#### The problem
Leaving pictures aside, set down each line exactly, from the first line of the data to the line with "Modern CDC Certified", both included.

#### Information shown
[Start of Attachment]
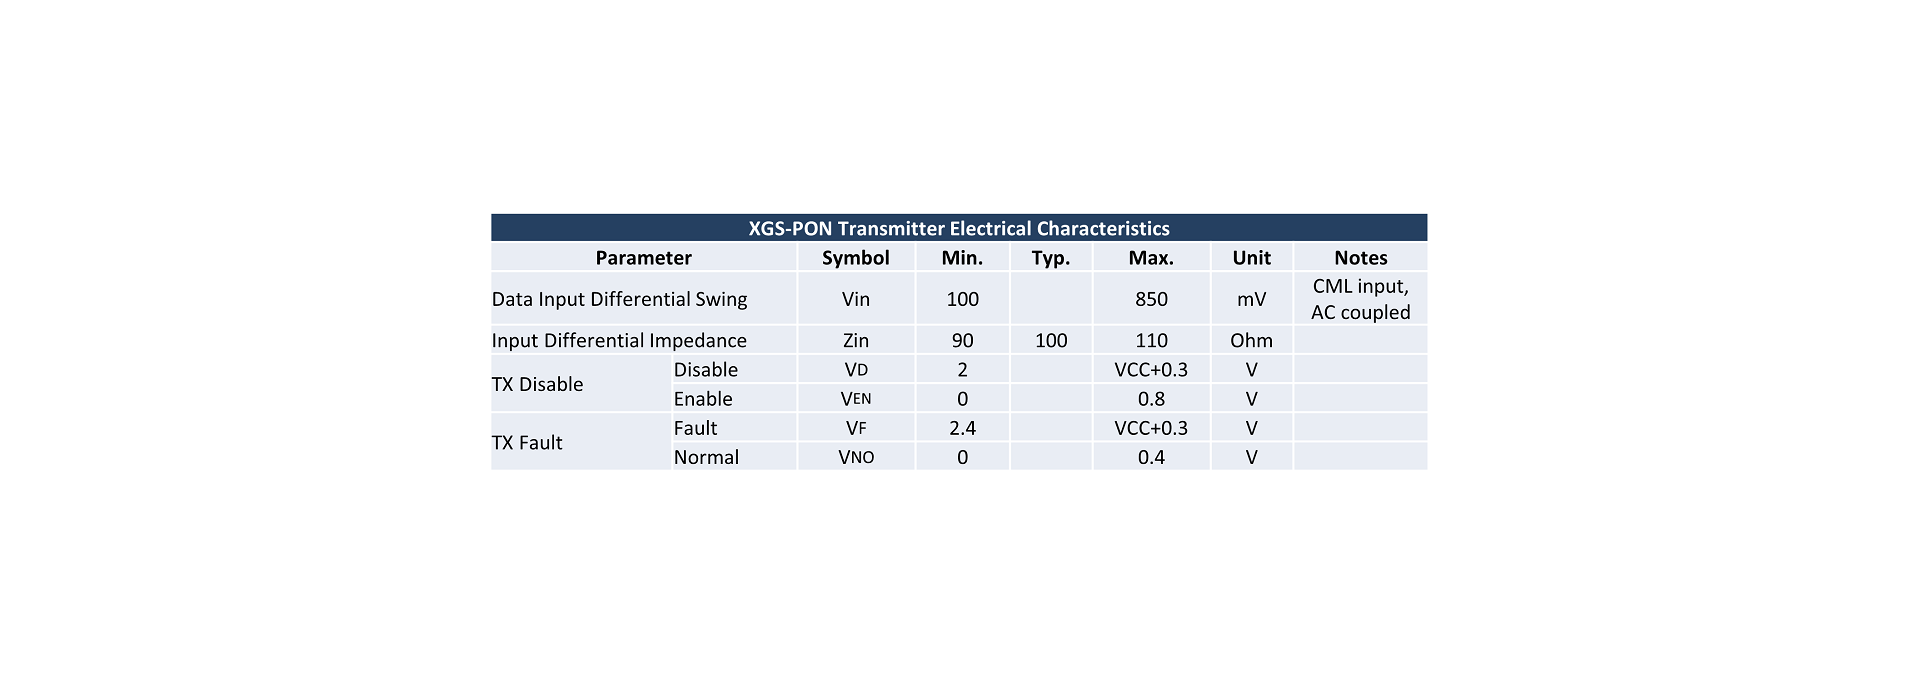 XGS-PON Transmitter Electrical Characteristics
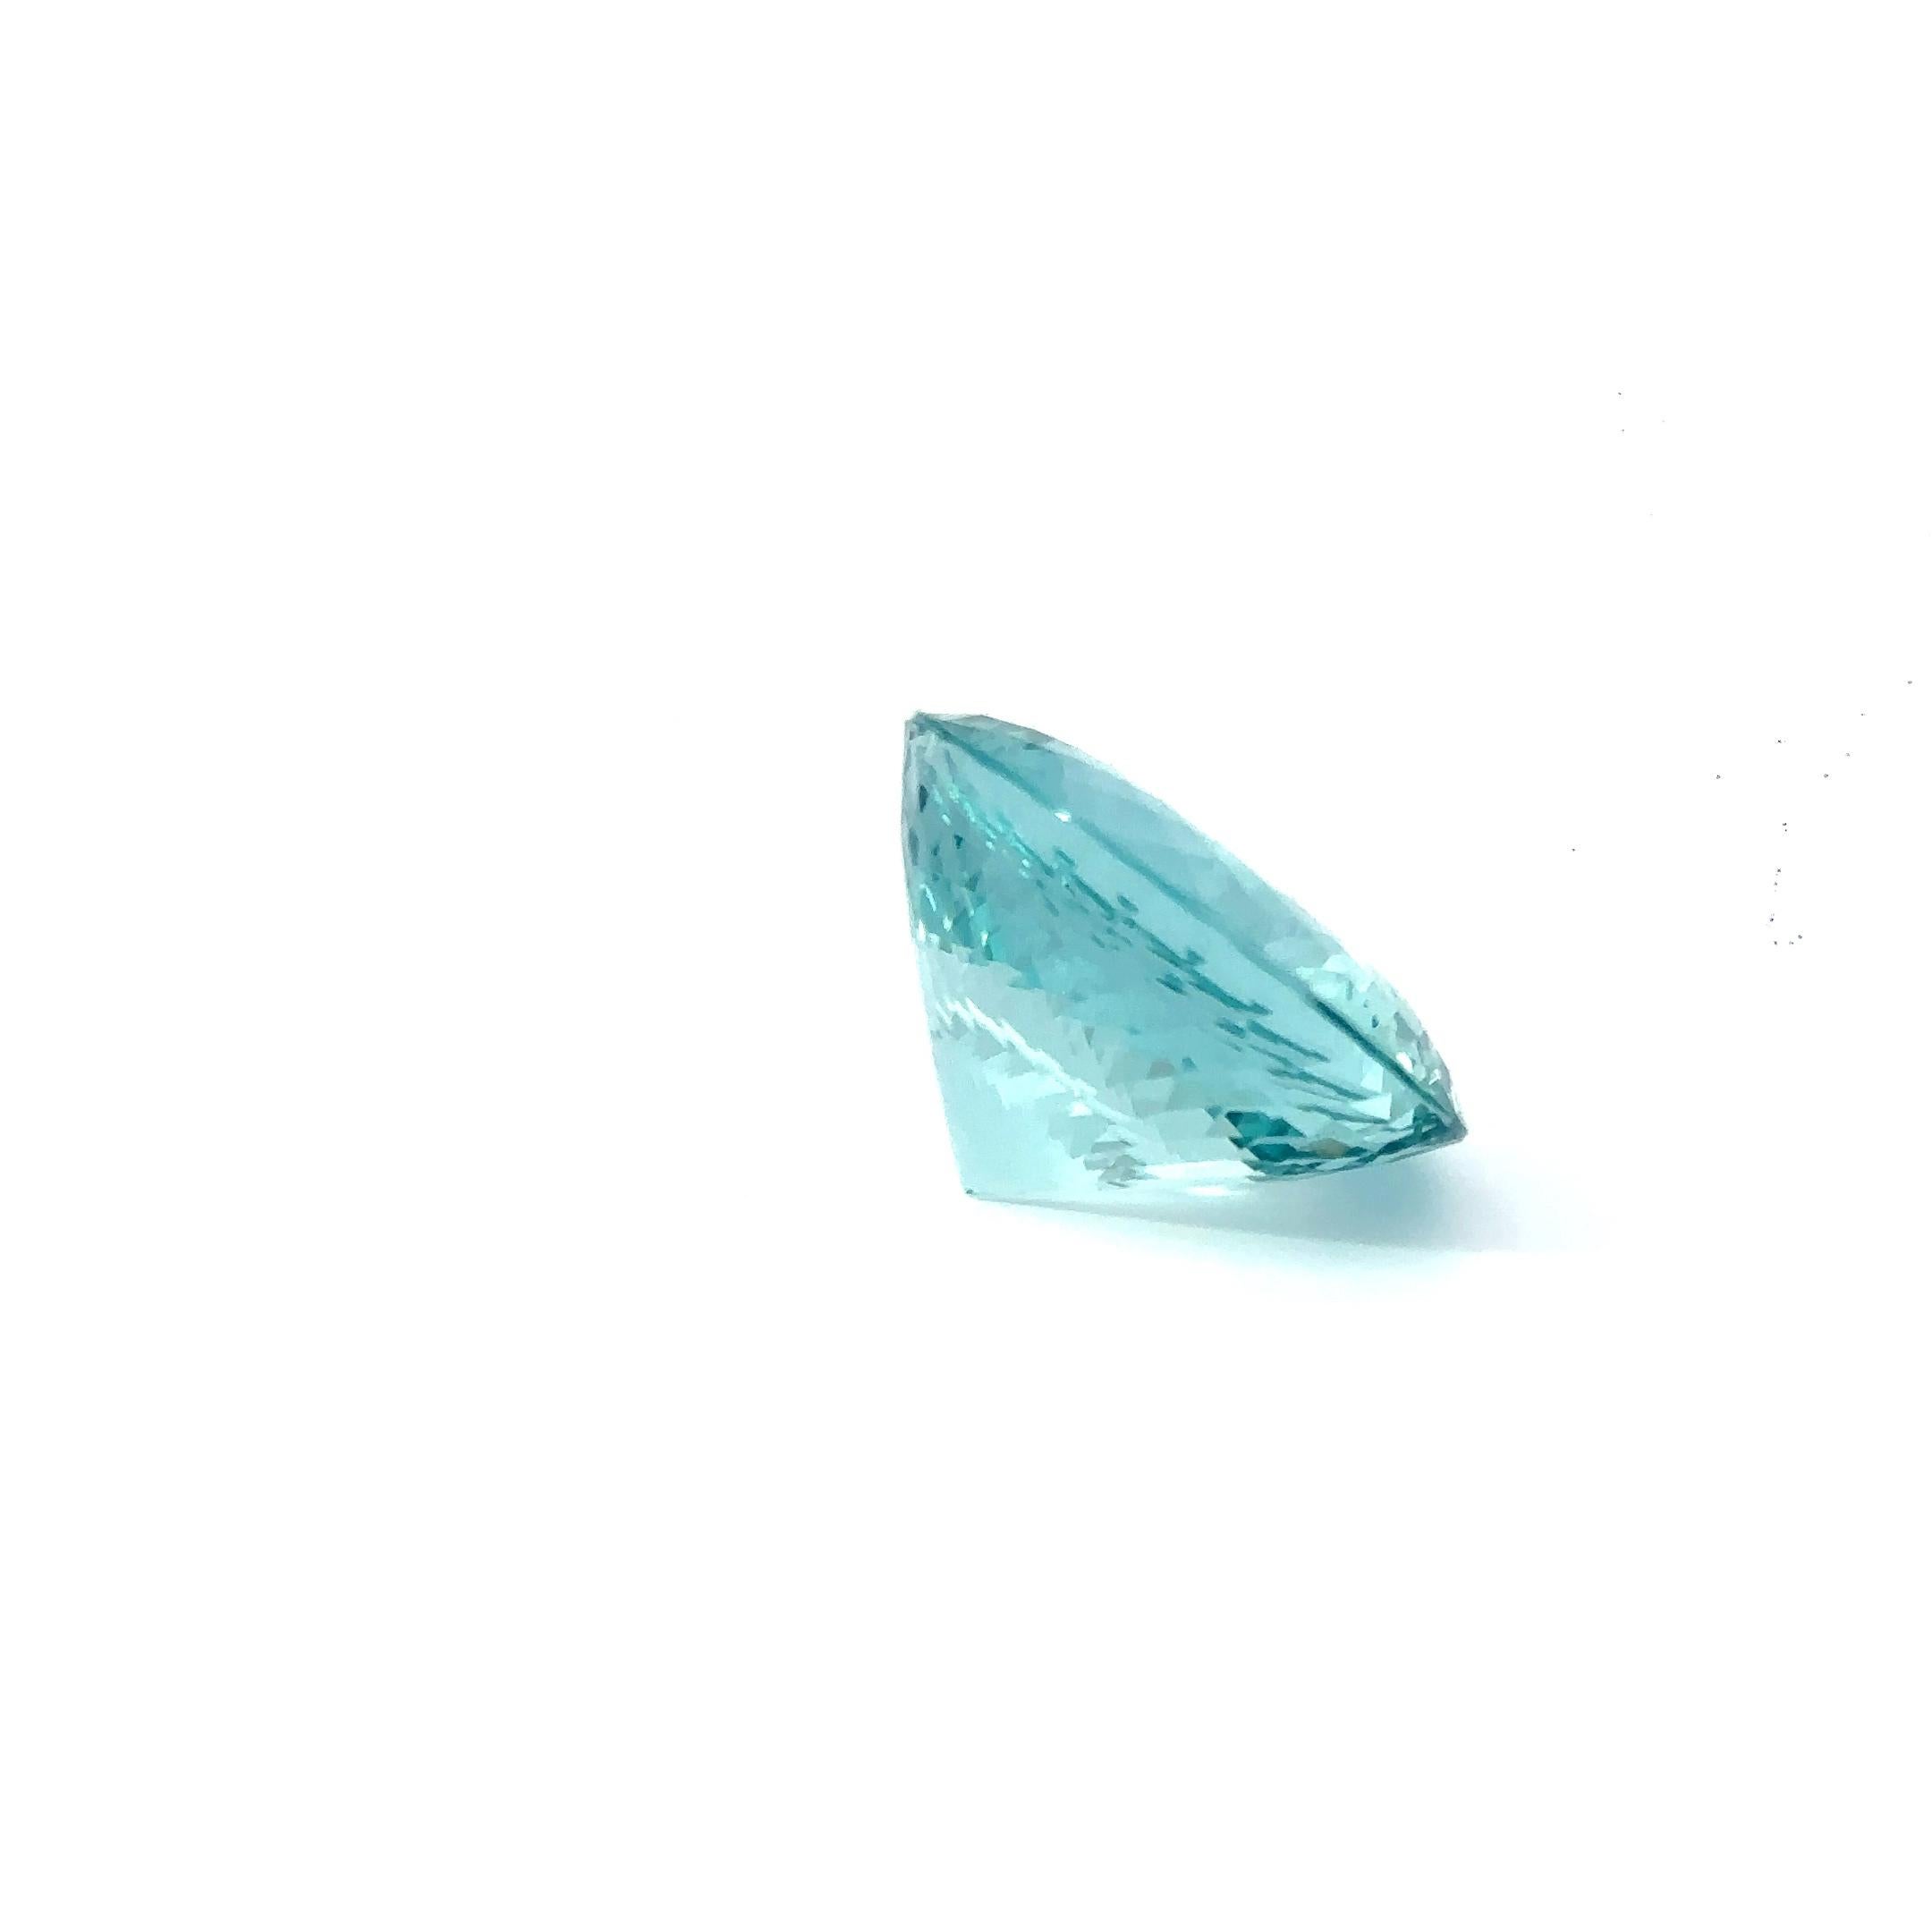 Modern CDC Certified 66.80 Carat Faceted Aquamarine For Sale
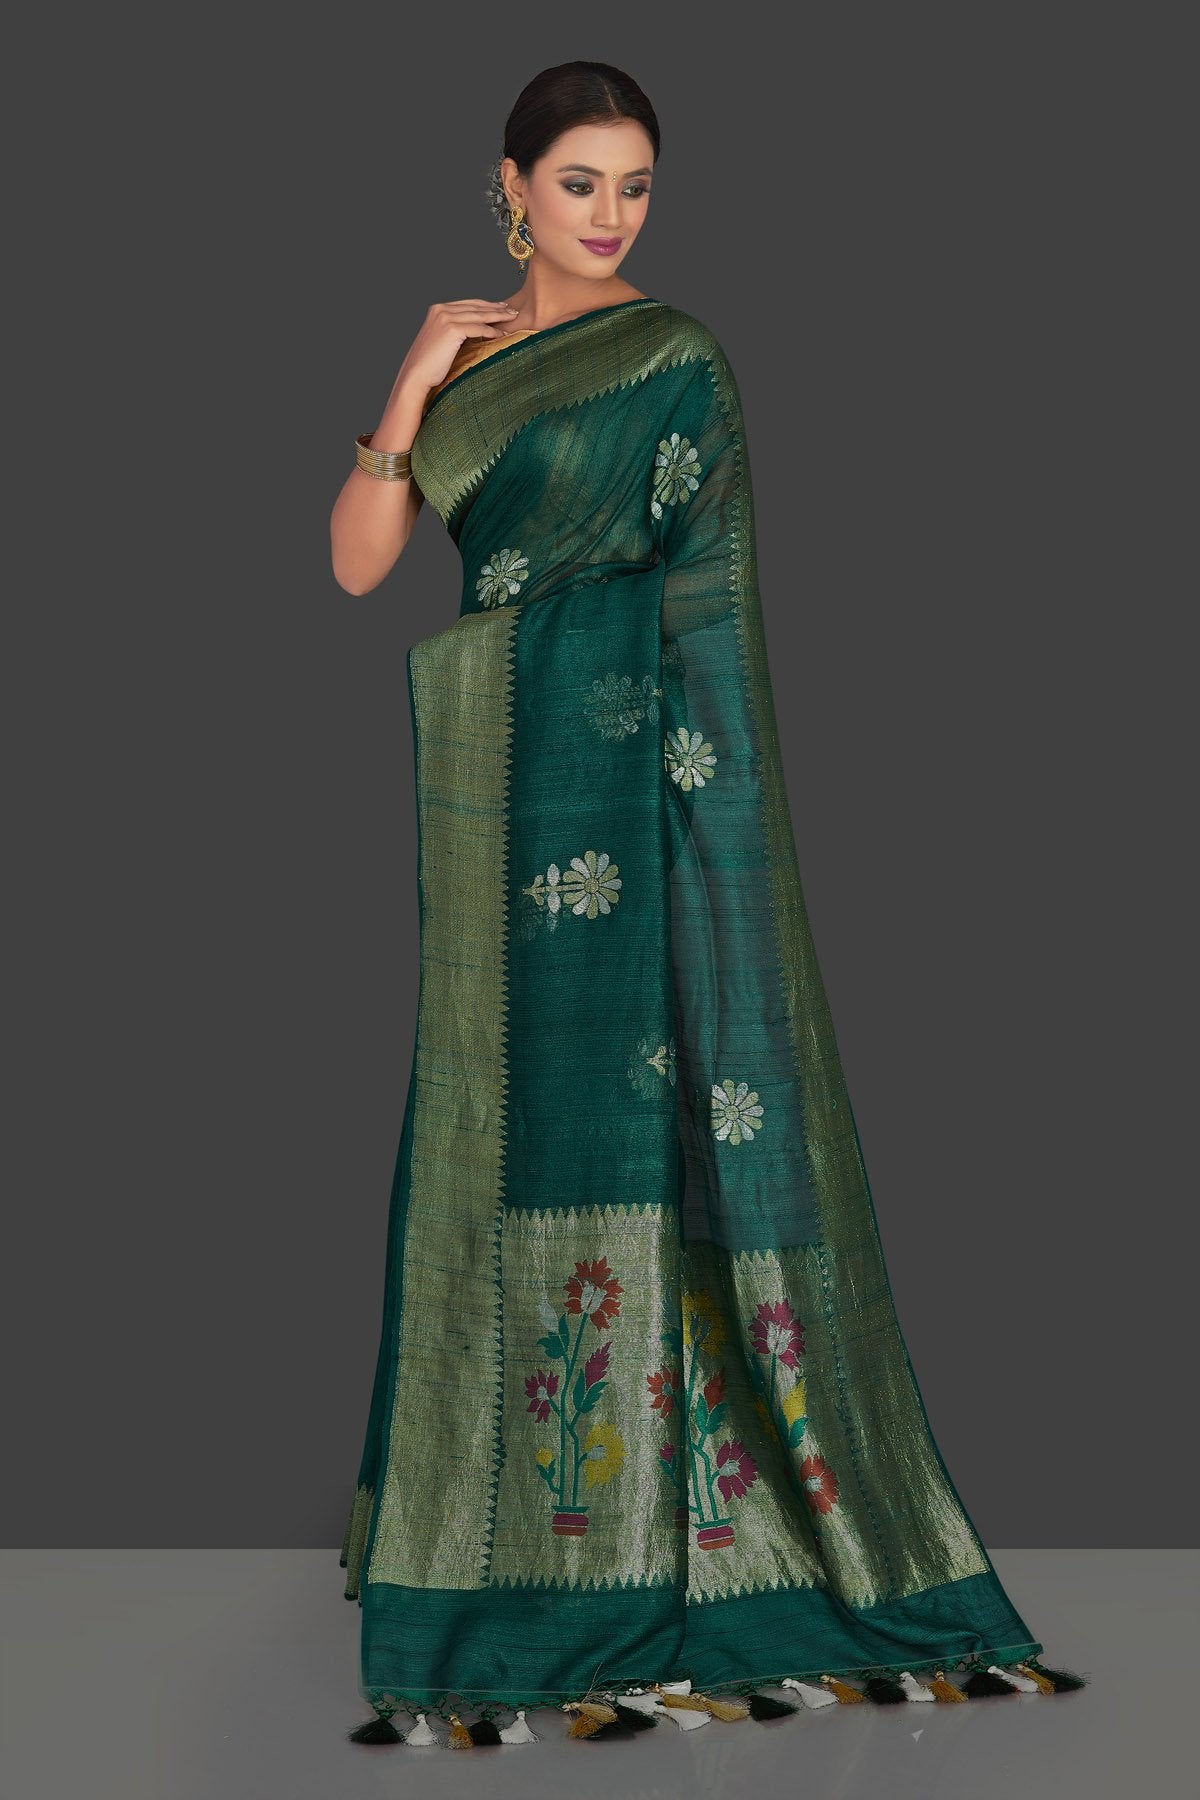 Buy elegant dark green tassar georgette Banarsi saree online in USA with flower buta. Radiate elegance with georgette sarees, Banarasi sarees, handwoven sarees from Pure Elegance Indian fashion boutique in USA. We bring a especially curated collection of ethnic sarees for Indian women in USA under one roof!-pallu
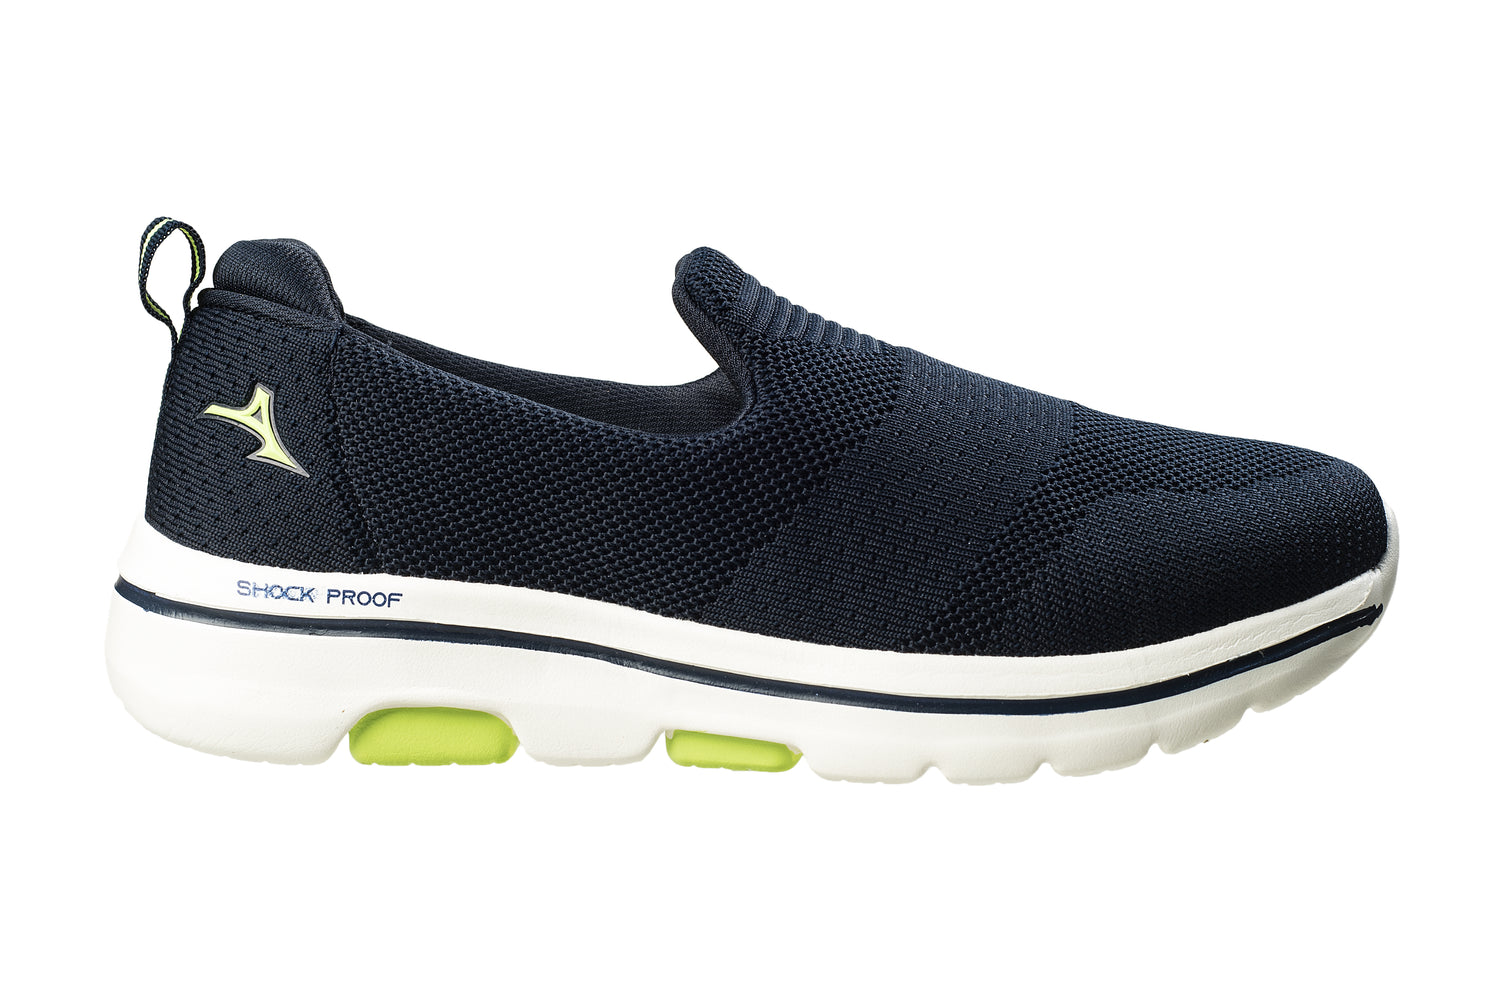 Abros Gents Navy / P. Green Sports Shoe
[End of Attachment]
#### Result of this exercise
 XGS-PON Transmitter Electrical Characteristics
 Modern CDC Certified 66.80 Carat Faceted Aquamarine For Sale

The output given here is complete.